Got the point? This can be a very helpful method to solve problems such as k largest or smallest element, etc.!

Now to **prove time complexity O(n) in worst case**. Since we process just one partition each time (as opposed to processing both partitions like we do in Quick Sort), here is how the effort looks –

**Effort = n + n/2 + n/4 …**

We know that **1/2+1/4+1/8+… = 1**, (can prove it too)

Hence,** Effort = n + n = 2n = O(n)**

Tada! 🙂

## Given N numbers, find pairs with difference K

*Problem Statement :* You have been given N numbers and a value K. Find the number of pairs in this given list of numbers whose difference is exactly equal to K.

This is a very simple one. Trying a brute force over all the elements is not being efficient. So what we’ll do is that we’ll sort the input array and apply a fine-tuned brute force as follows.

Once the array is sorted, for every number at position j, you start checking numbers backward from j to 0 (let us say using variable i, where i<j) and skip to checking for j+1 if the difference of the jth and ith element exceeds K. If you find their difference to be exactly K, you increment your count.

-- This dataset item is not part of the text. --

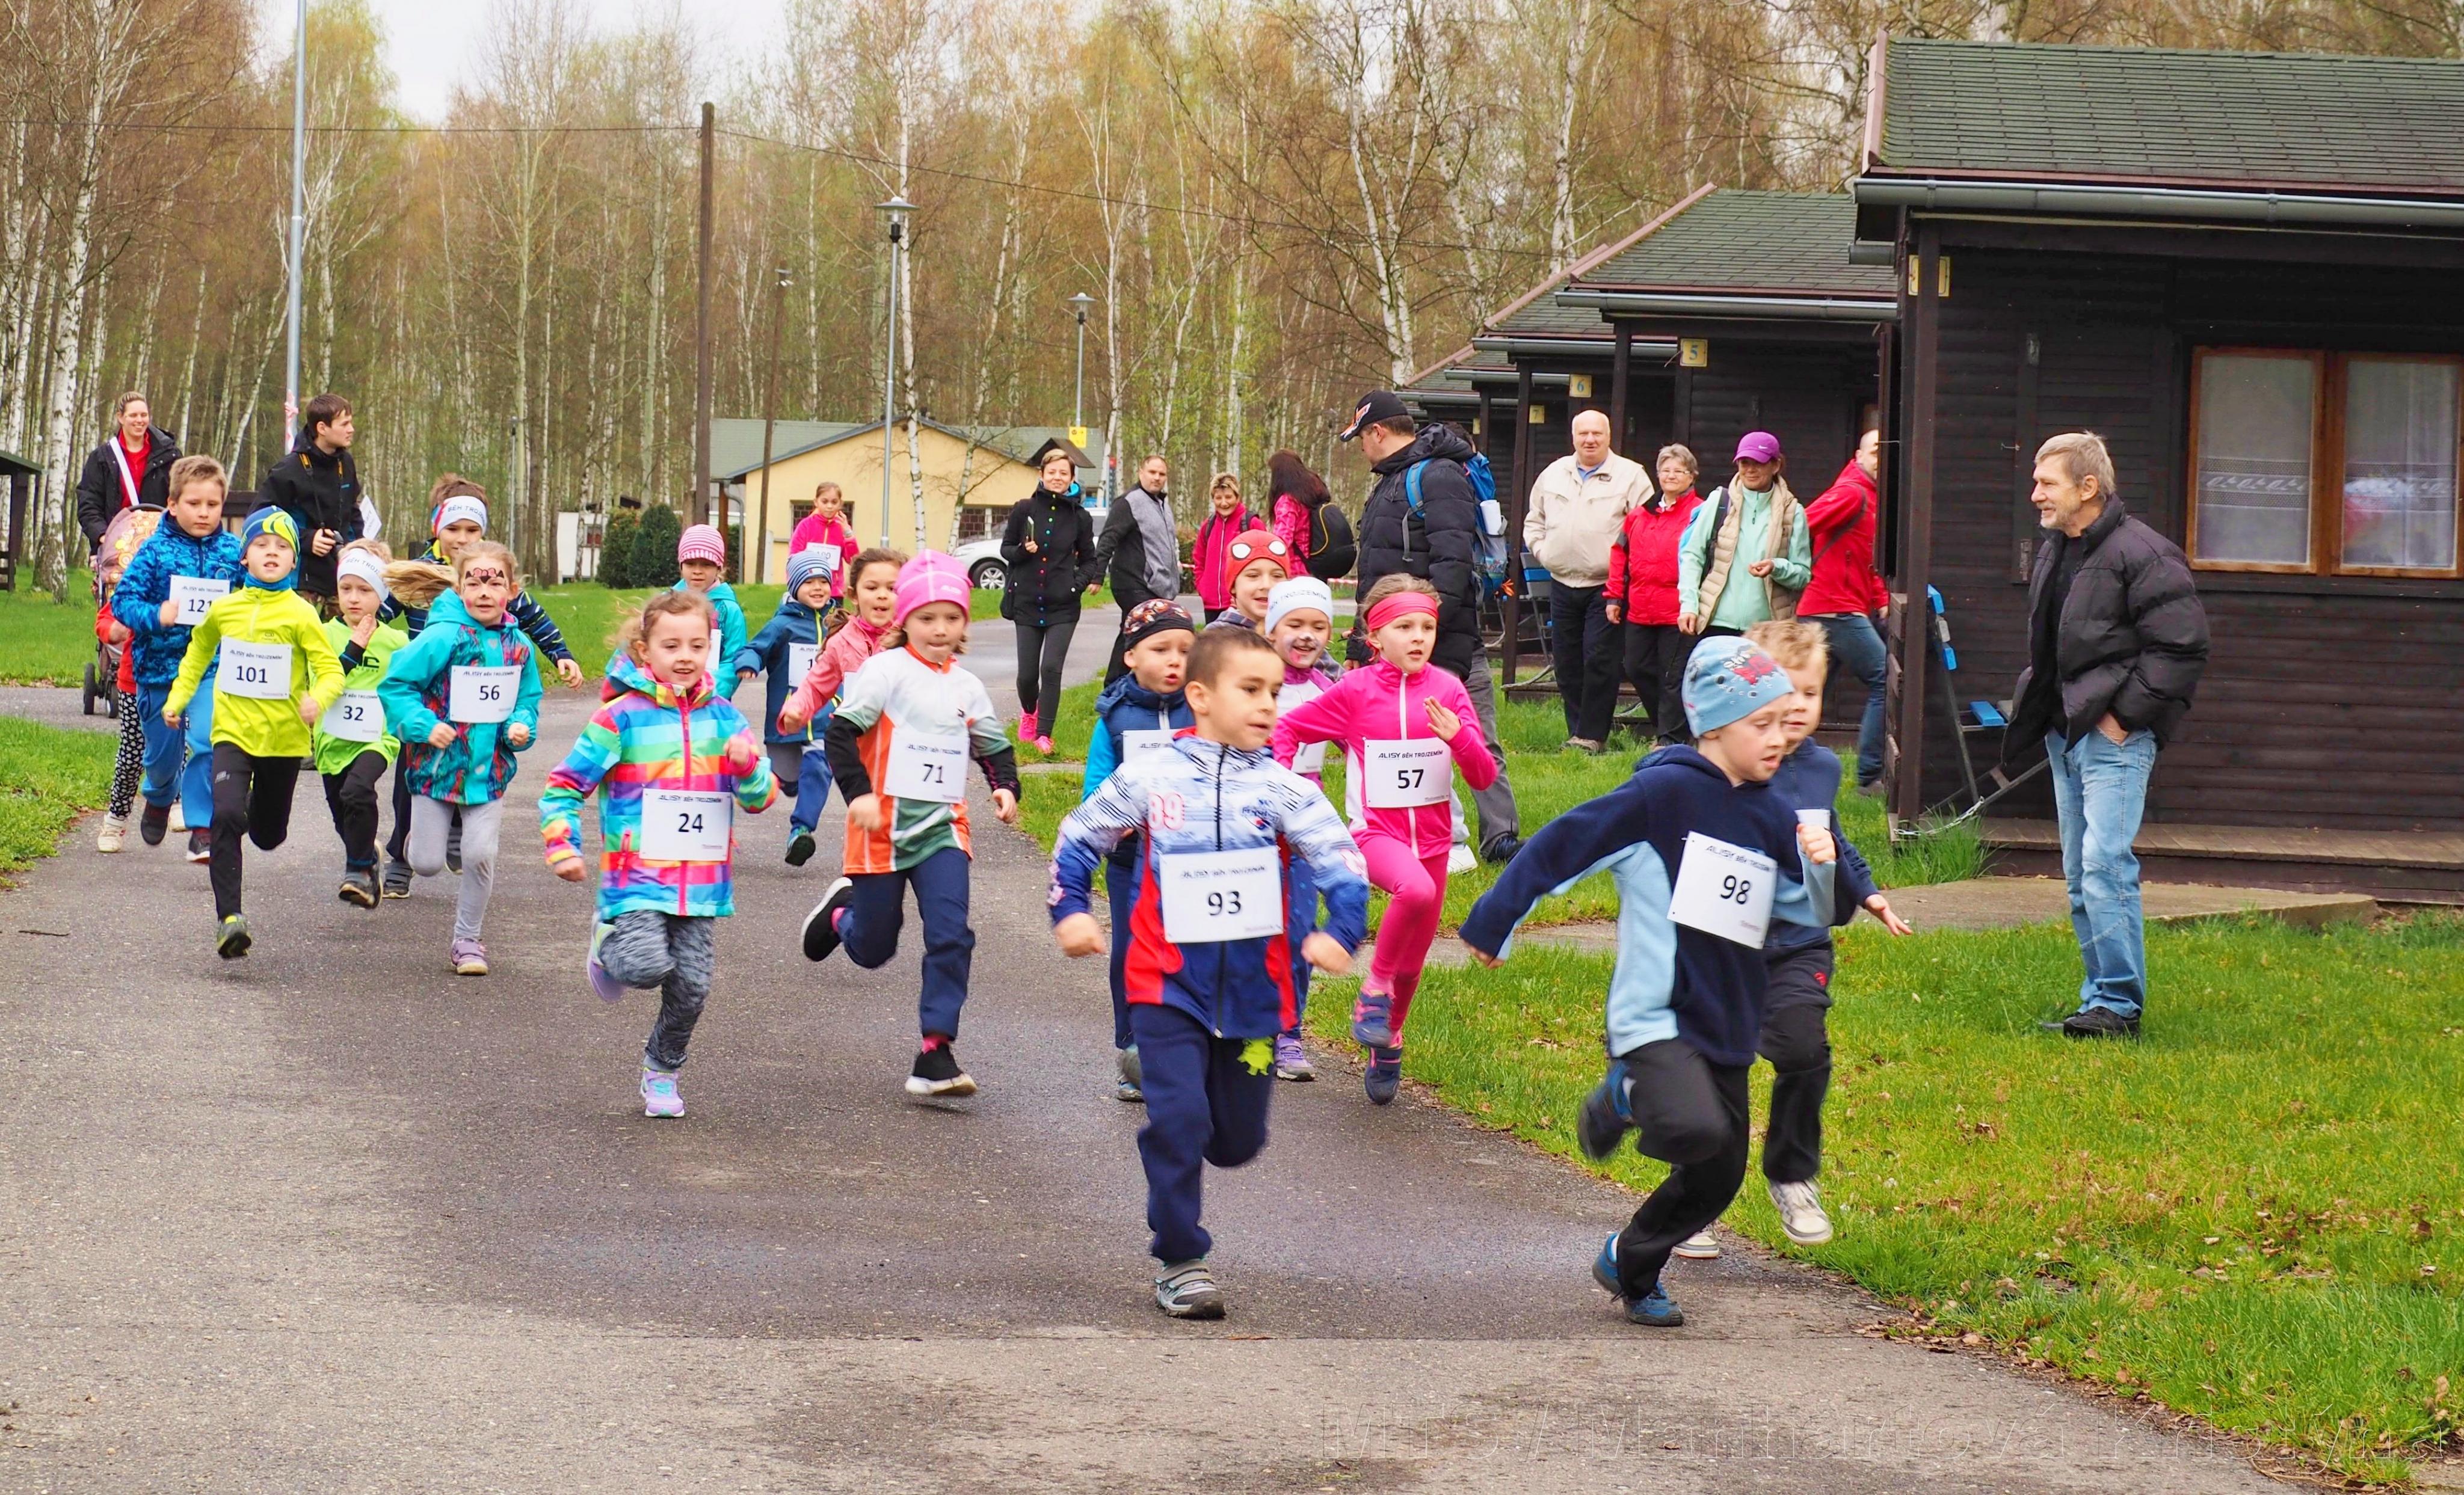 Malí závodníci na Alisy Běhu trojzemím 2017, stejně tak letos dostanou prostor k běžeckému závodění i ti nejmenší

A very simple implementation of sorting. 🙂

## Find if a given array is a sequence of consecutive integers.

*Problem Statement:* You have been given an array of positive integers, obviously, in a random order. You are supposed to find if all elements taken can form a sequence of consecutive integers. (Array might have duplicates, but then it is not correct)

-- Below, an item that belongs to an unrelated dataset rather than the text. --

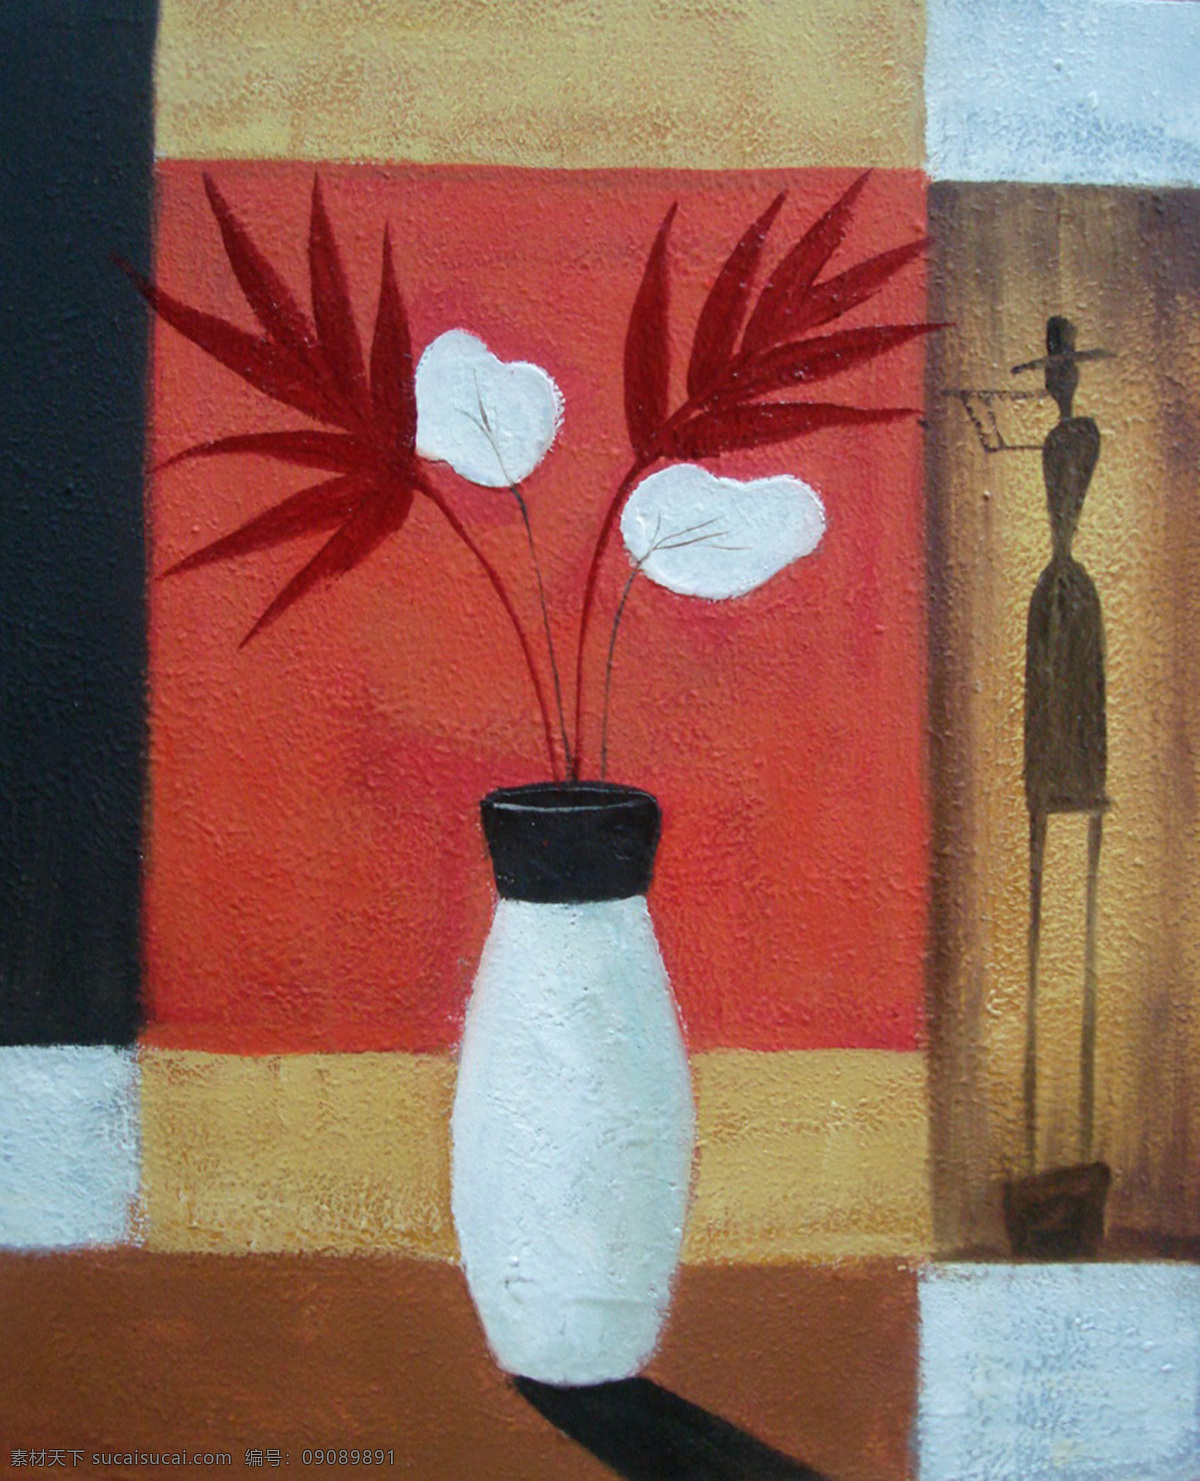 壁画 抽象 挂画 花 花瓶 花瓶油画 绘画书法 人物 油画 设计素材 模板下载 装饰画 无框画 文化艺术 装饰素材

**Sorting** (approach 1) might be the first solution that pops up in everyone’s mind. Well, that would take O(n lg n) time using the best algorithms out there. What if we want to do it in O(n) time?

You will then tell me to find the MIN and MAX of the array, make another array (with default value 0) and increment the corresponding value in this array when you discover such elements. That is your concept of **counting** (approach 2), if you remember. You achieved time complexity O(n) but added space complexity O(n). Now you might struggle to reduce this space complexity.

*EDIT: I’ll try come up with a better solution shortly. (Forget the one that used to be here)*

Have fun!

## Find the only element in an array which does not have a duplicate. (Only occurs once)

While this question might seem eerily similar to the last one, it is vastly different. Here, you have an array in which every element has a duplicate except one element. For example,

2, 2, 3, 4, 5, 9, 5, 4, 9, 1, 3

Here, 1 is your expected answer since it does not have a duplicate. So how would you go about tackling this question? I will point out three approaches :

1. **Sort** the array. It will take **O(n lg n) time** with a sorting method like Quick Sort (or one of the others we discussed previously). Once the array is sorted, you just need to move through the array once and compare every pair of consecutive elements. The first pair that isn’t equal will be your answer. Sorting the earlier example, we get,

1, 2, 2, 3, 3, 4, 4, 5, 5, 9, 9

You can quickly find that 1 occurs only once by this kind of comparison.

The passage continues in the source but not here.